The Laredo Lemurs were a professional baseball team based in Laredo, Texas, that played in the independent American Association from 2012 to 2016. The team played their home games at the Uni-Trade Stadium in Laredo, replacing the Laredo Broncos of United League Baseball. The team withdrew from the league prior to the start of the 2017 season.

History
Until the 2012 season, the team was located in Shreveport, Louisiana, and was known as the Shreveport-Bossier Captains. In late 2011, the franchise announced its move to Laredo, and the team was renamed. Media coverage suggested that the move was motivated by a deteriorating ballpark and the "inability of the local market to support professional baseball."

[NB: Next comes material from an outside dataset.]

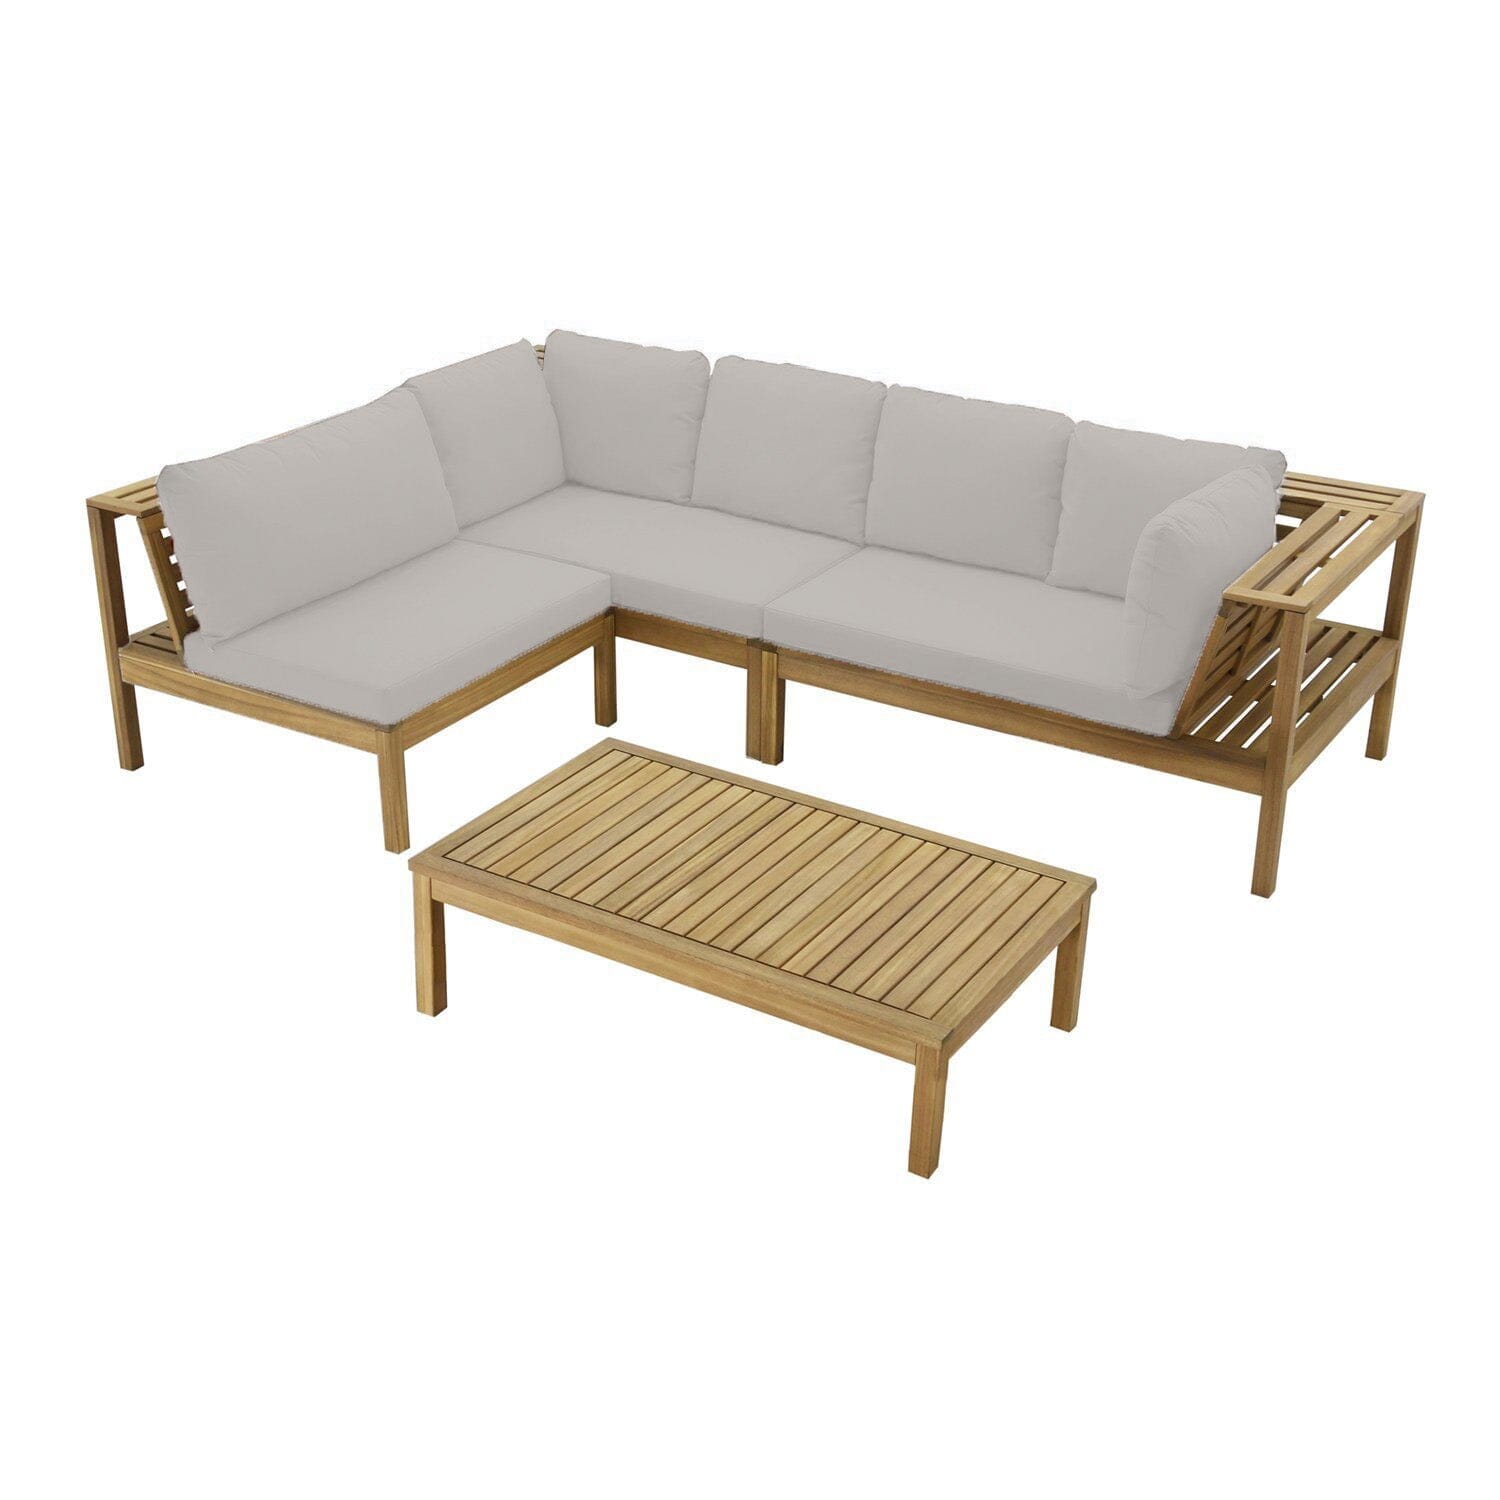 Dakota outdoor sofa set with cream parasol - acacia wood - Natural Cushions

In September 2013, the Lemurs' Tano Tijerina, a former minor-league pitcher in the Milwaukee Brewers' system, and the incoming County Judge for Webb County, was the starting pitcher in the inaugural "Family Chevrolet Sister Cities Baseball Classic" at Uni-Trade Stadium.

On May 3, 2017, the Lemurs announced that they would be withdrawing from the American Association and would not operate a team in 2017.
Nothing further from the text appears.